* **WHAT YOU ARE ASKED TO DO**
Your output must be the lines below from the line containing "Dark Knight Corvax" to the line containing "Reebok Mens size 12 Tennis Shoes", both lines included, reproduced exactly and without pictures.
-- EXTRACTED MATERIAL follows --
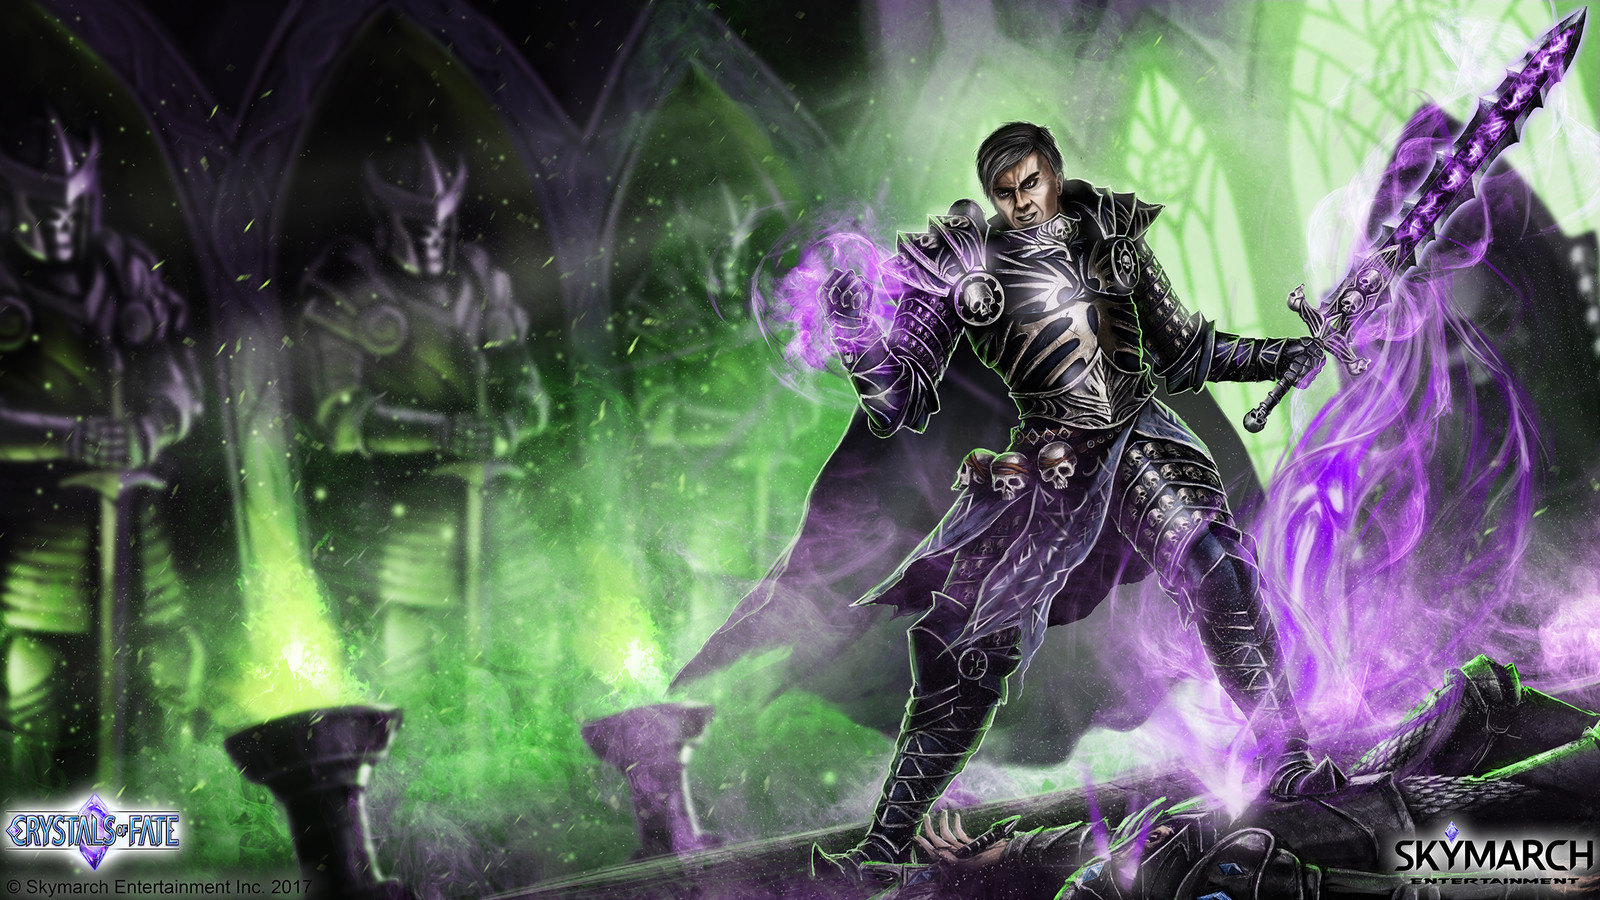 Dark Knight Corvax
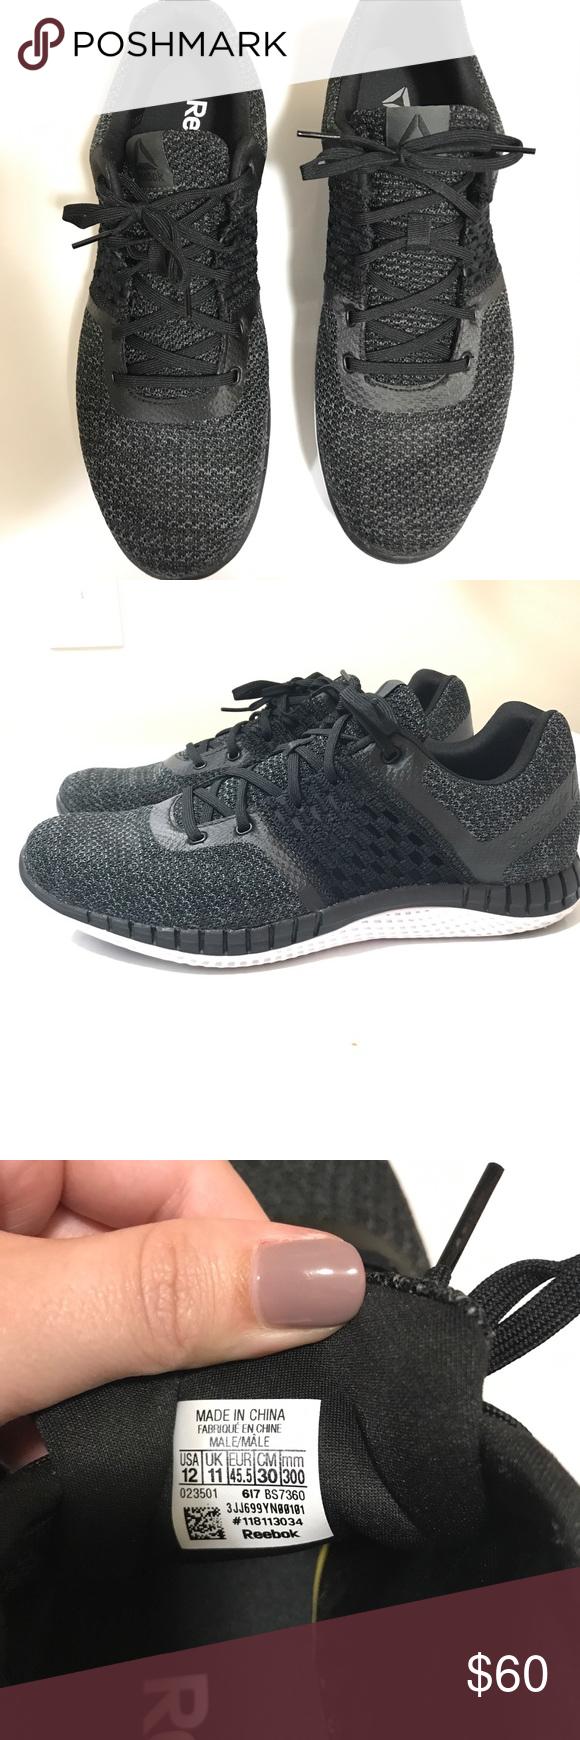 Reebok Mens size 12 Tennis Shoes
-- EXTRACTED MATERIAL concluded --
-- EXTRACTED MATERIAL follows --
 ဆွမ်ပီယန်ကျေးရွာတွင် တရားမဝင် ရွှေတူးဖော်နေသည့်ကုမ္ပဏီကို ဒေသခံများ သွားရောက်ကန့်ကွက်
-- EXTRACTED MATERIAL concluded --
* **YOUR RESPONSE**
 Dark Knight Corvax
 Reebok Mens size 12 Tennis Shoes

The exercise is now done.